I was to meet my old friend Andrew Berry that afternoon, who was in Barcelona giving a course of lectures at the Autonoma, and he recounts meeting me after my horrible encounter:
On the fateful day in question, I was teaching at the Autonoma and took the train into town at the end of the day to meet you, as pre-arranged, in the Plaça de Catalunya at the top of the Ramblas. I found you in the specified location in a genuine state of shock. Even though some hours had elapsed since your traumatic experience, you were still actively shaking. They say that people *shake* when terrorized, but I’d never actually seen it before. You were quivering.
I was to lecture at the Autonoma the next day, and the crowd was pretty big. Antonio introduced me in Spanish, and as part of his introduction he told the audience how I’d been treated in the Sagrada Família; they audibly gasped at the way a visiting professor had been treated (being a professor is a bigger deal in Europe than in the U.S.). Several people told me I should make a formal complaint and write letters to the newspaper about what had happened, but I wanted to put the episode behind me. But even now when I think about that day, I get the willies.

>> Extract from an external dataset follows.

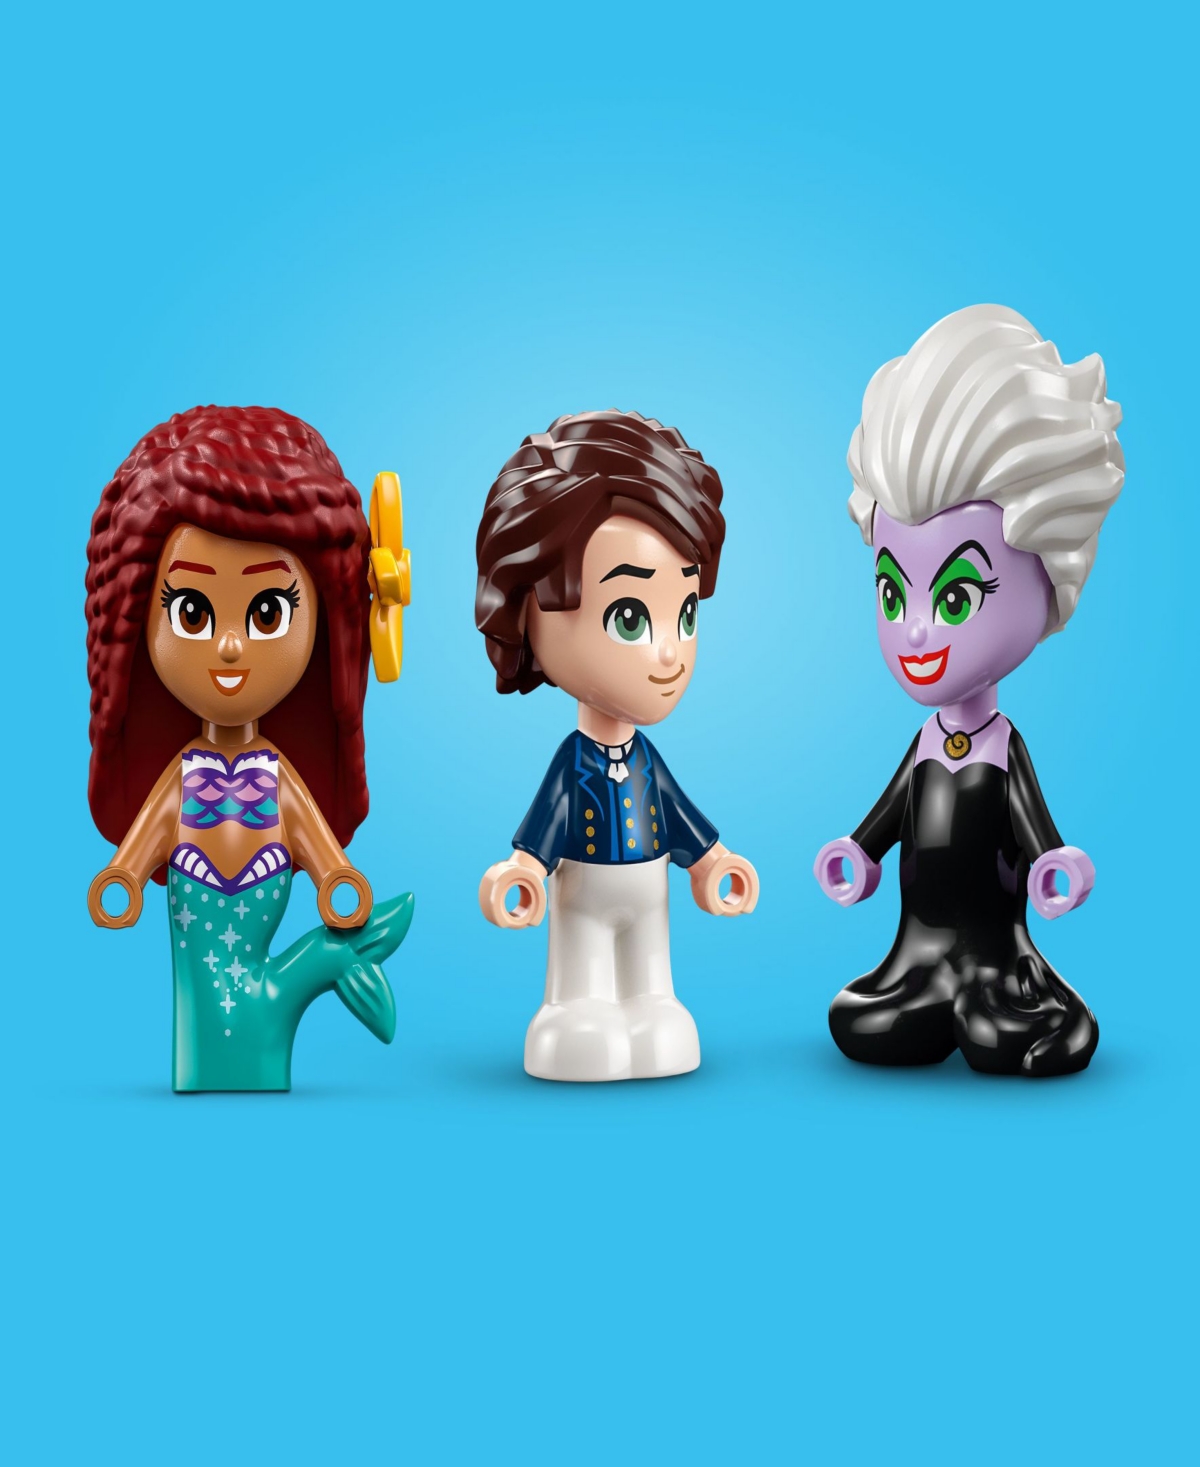 Shop Lego Disney 43213 Princess The Little Mermaid Story Book Toy Building Set With Ariel, Prince Eric, Ursula In Multicolor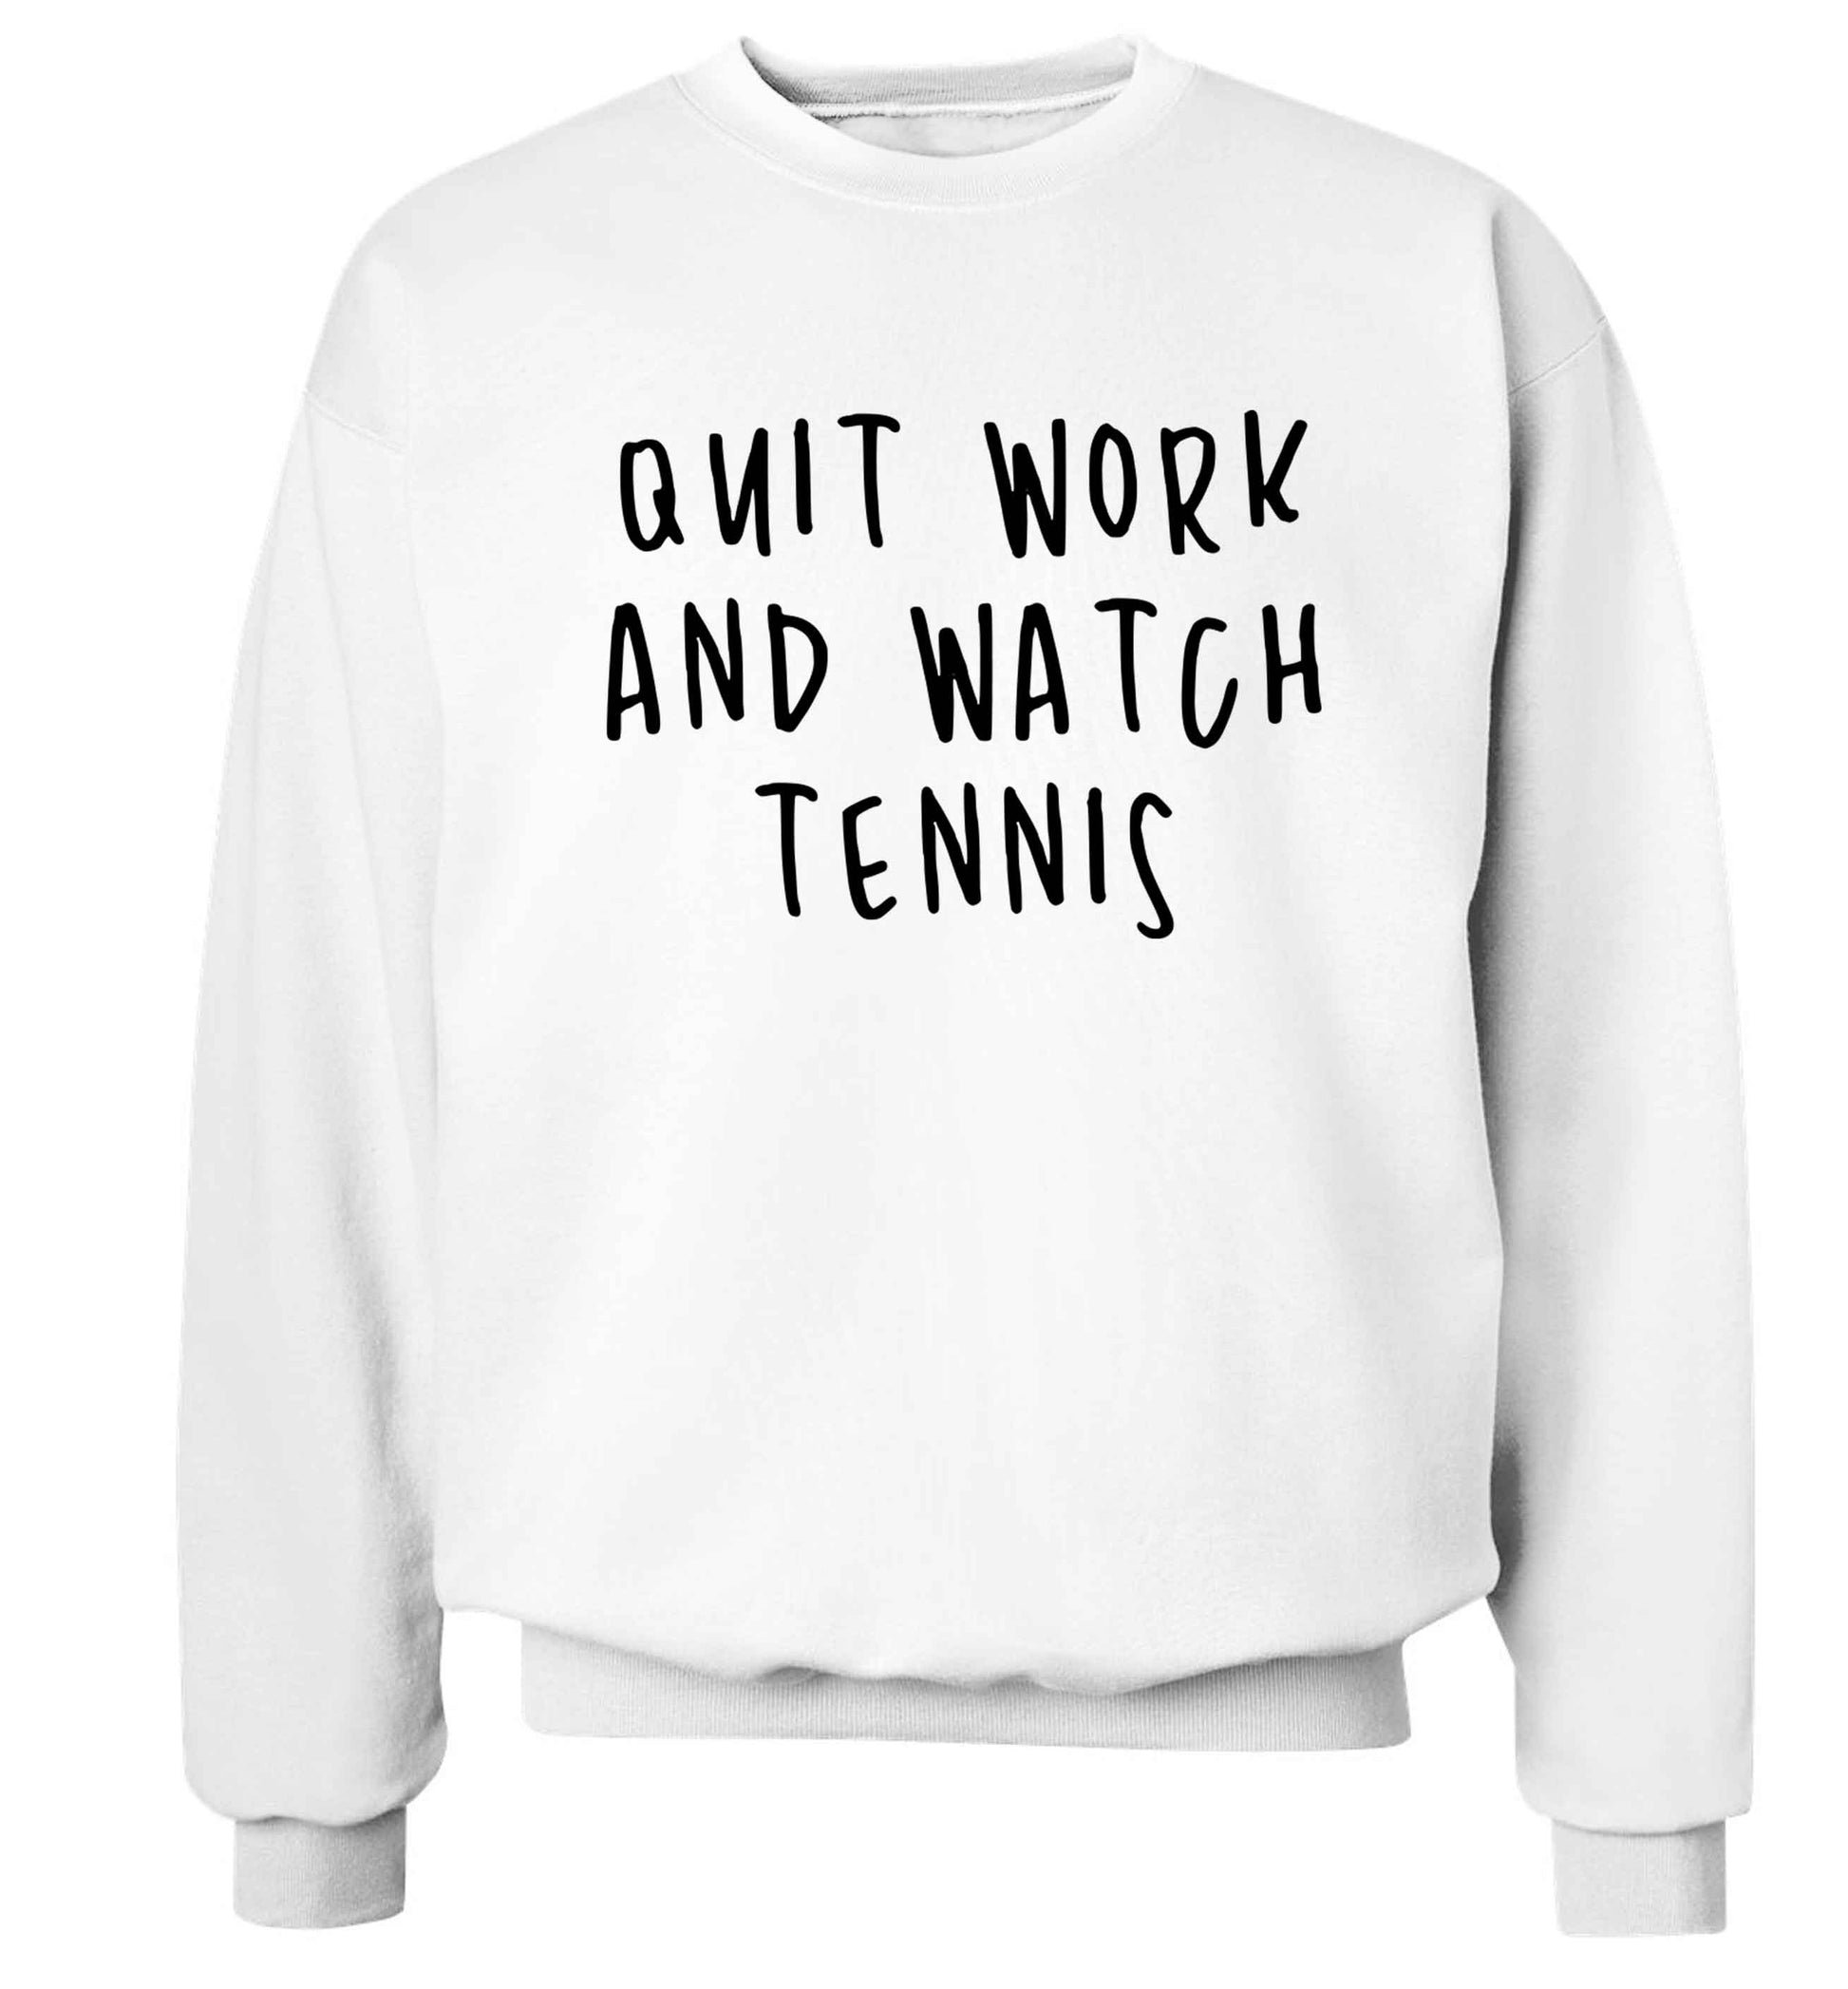 Quit work and watch tennis Adult's unisex white Sweater 2XL

The denouement of my visit was pleasant. My lecture went off well, and then, with true Spanish hospitality, Andrew and I were taken out for an evening of drinking, dining, and dancing. We first went to a restaurant famous for its lamb dishes (I can’t recall the name); our reservations were for 11 p.m.! (To an American, the Spanish dine at ungodly hours.) The dinner was terrific, and then we all repaired to a disco on top of a mountain and danced until dawn. (I was a bit friskier in those days!). Here are some photos from that evening that Andrew took with real film:
Dinner with some of the biology department. If you’re an evolutionary biologist, you may have heard of some of these folks (labels from Andrew):
It was only 25 years ago, but I looked so much younger then, with a bushy head of black hair. Here I am drinking wine from the communal vessel called the porron, a Catalan device that helps promote sociality while preserving sanitary drinking. You have to be good enough to pour the wine into your mouth without slipping up:
Success!
Dancing till dawn in a disco. I’ve only done that once since: at my 25th college reunion.